Nvidia GeForce RTX 4090 Reviews

DegustatoR · Oct 12, 2022

Picao84 said:
Or that in mixed rendering the RT hardware is simply not being taxed as much (in other words RT hardware for mixed rendering is now overkill, excluding Psycho CP2077)? I still think it's more about the workload than anything else. Are there any benchmarks showing energy consumption of mixed rendering versus path tracing? It would be interesting to see if there is a significant difference.

Well there are benchmarks which show 3-4x gains in PT over Ampere but they are synthetics, and such gains don't seem to transition into Q2RTX and Minecraft. Dunno why. When do Portal RTX coming out btw?

Below2D · Oct 12, 2022

DegustatoR said:
Scaling seems fine to me. Most of 4090 benchmark results are CPU limited, even on a 5800X3D.

Looking at the 3090 Ti vs 2080 Ti, you appear to be correct. The 3090 Ti has more than twice the shader cores and higher clocks but is about 60-65% than the 2080 Ti I think. Seems Lovelace actually scales better than Ampere compared to its predecessor.

Picao84 · Oct 12, 2022

DegustatoR said:
Well there are benchmarks which show 3-4x gains in PT over Ampere but they are synthetics, and such gains don't seem to transition into Q2RTX and Minecraft. Dunno why. When do Portal RTX coming out btw?

In the end we are talking about software, which can be more or less efficiently written. None of that software was also built with Ray Tracing in mind originally, so maybe they are just not the most efficient at using the hardware? They may just brute force it through.

DavidGraham · Oct 12, 2022

More tests showing 2X scaling in compute from 3090 to 4090

https://twitter.com/x/status/1580051494447243265

troyan · Oct 12, 2022

3DMark's DXR feature test shows a 2,5x improvement over Ampere. But this is a "pure" raytracing test and UL describes the implementation:

Implementation
The test measures the peak ray-traversal performance of the GPU. All other work, such as illumination and post processing, is kept to a minimum. The ray tracing acceleration structure is built only once. As the scene is static
and non-animated, there is no need to update the acceleration structure during the test. The test casts primary rays only. The rays are approximately sorted by direction on the CPU during the test initialization, which is possible because
the sampling pattern in screen space is known beforehand. Generating the optimal ray order during initialization allows more coherent ray traversal for out-of-focus areas without the run-time cost of sorting.

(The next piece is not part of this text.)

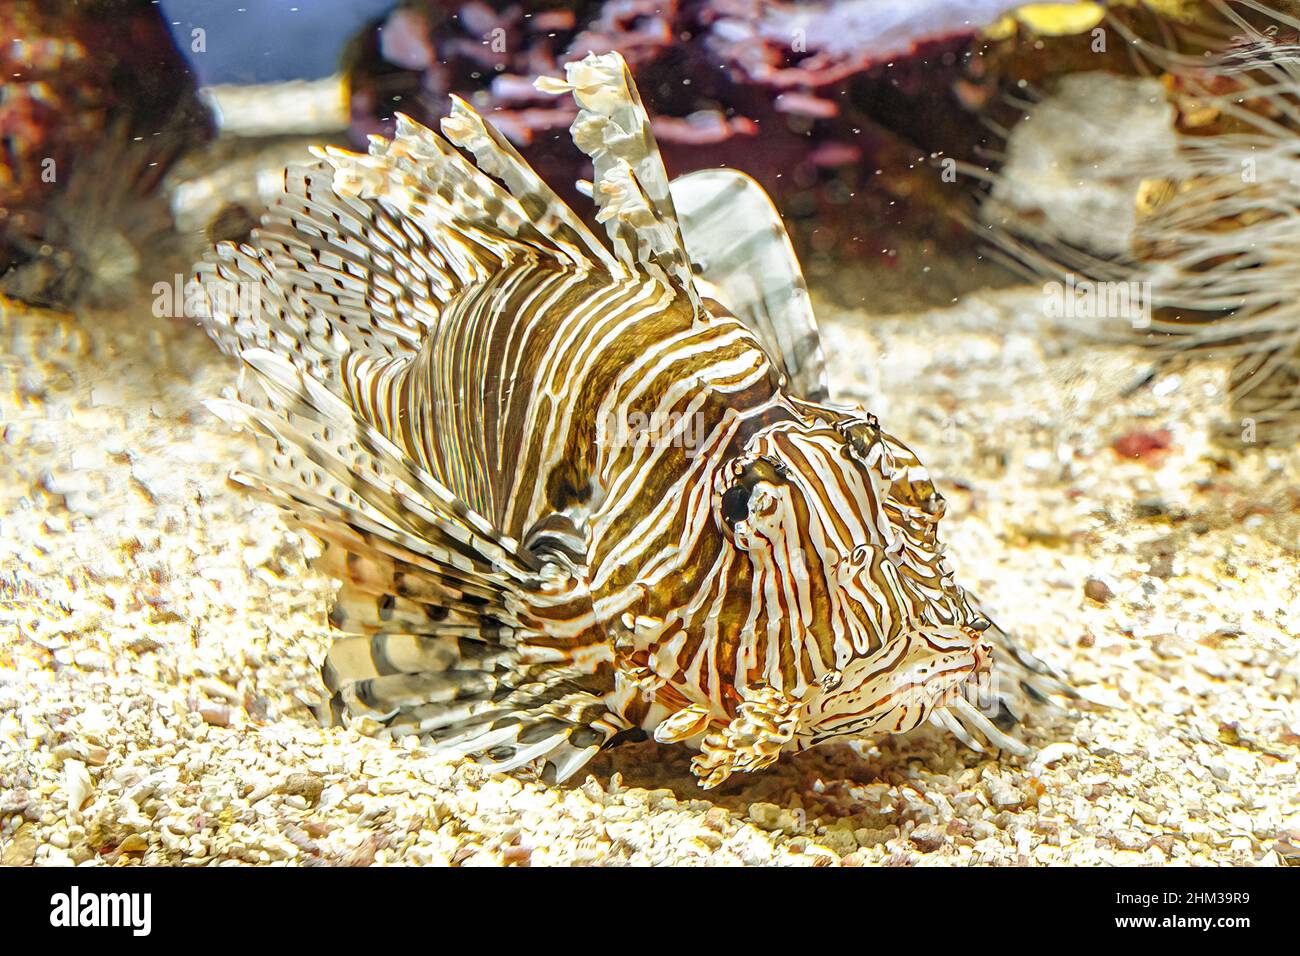 Nahaufnahme eines Lionfish des Aquariums mit giftigen Flossen in Korallentiefe. Giftige Raubfische der Pterois Miles-Arten. Teufelsfecht des Indischen Ozeans Stockfoto

So only primary rays and sorting has mostly happened on the CPU side.

Jawed · Oct 12, 2022

DegustatoR said:
That's as bad as a comparison between a 3080/10 and a 3090Ti this gen

That's definitely a 3080 10GB card and not the 12GB card?

DavidGraham · Oct 12, 2022

davis.anthony said:
Hardware unboxed DLSS3 capture with the comment...... "just don't feed it big changes between frames"

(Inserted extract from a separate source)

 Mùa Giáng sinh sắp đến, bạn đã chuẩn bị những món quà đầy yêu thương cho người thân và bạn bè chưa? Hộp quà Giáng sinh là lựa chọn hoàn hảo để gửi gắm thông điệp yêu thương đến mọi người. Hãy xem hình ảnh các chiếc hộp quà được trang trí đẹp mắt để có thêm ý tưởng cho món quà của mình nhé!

This is misleading. All three solutions have issues if accumulation is not reset as indicated by the APIs when it's necessary. This is most likely an implementation issue from the game. Camera cuts are an example of when the developer must set this flag.

https://twitter.com/x/status/1579863904037265409

Picao84 · Oct 12, 2022

troyan said:
3DMark's DXR feature test shows a 2,5x improvement over Ampere. But this is a "pure" raytracing test and UL describes the implementation:

So only primary rays and sorting has mostly happened on the CPU side.

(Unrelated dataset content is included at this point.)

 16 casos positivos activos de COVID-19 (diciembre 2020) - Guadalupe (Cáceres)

It's also a static and non animated scene, unlike a game, so less taxing. @DegustatoR are those synthetics you talked about like this? No wonder they give much higher results than the games then. It's just a best case scenario, not real world.

troyan · Oct 12, 2022

Picao84 said:
It's also a static and non animated scene, unlike a game, so less taxing. @DegustatoR are those synthetics you talked about like this? No wonder they give much higher results than the games then. It's just a best case scenario, not real world.

Bulding the accelerator structure is not a problem for nVidia. This happens as async compute workload.

davis.anthony · Oct 12, 2022

DavidGraham said:
https://twitter.com/x/status/1579863904037265409

So we're going to potentially have games with issues like this then as not all implementations are created equally.

DegustatoR · Oct 12, 2022

Jawed said:
That's definitely a 3080 10GB card and not the 12GB card?

I mean price wise? 4080/12 fits against 3080Ti while providing 3090Ti(ish) performance level.
The obvious elephant in the room is the fact that 3080/10, 3080/12, 3080Ti are all within 10% of performance from one another while their prices range from $700 to $1200.
Hence why comparisons to 3080/10 seem kinda valid.

Picao84 said:
It's also a static and non animated scene, unlike a game, so less taxing. @DegustatoR are those synthetics you talked about like this? No wonder they give much higher results than the games then. It's just a best case scenario, not real world.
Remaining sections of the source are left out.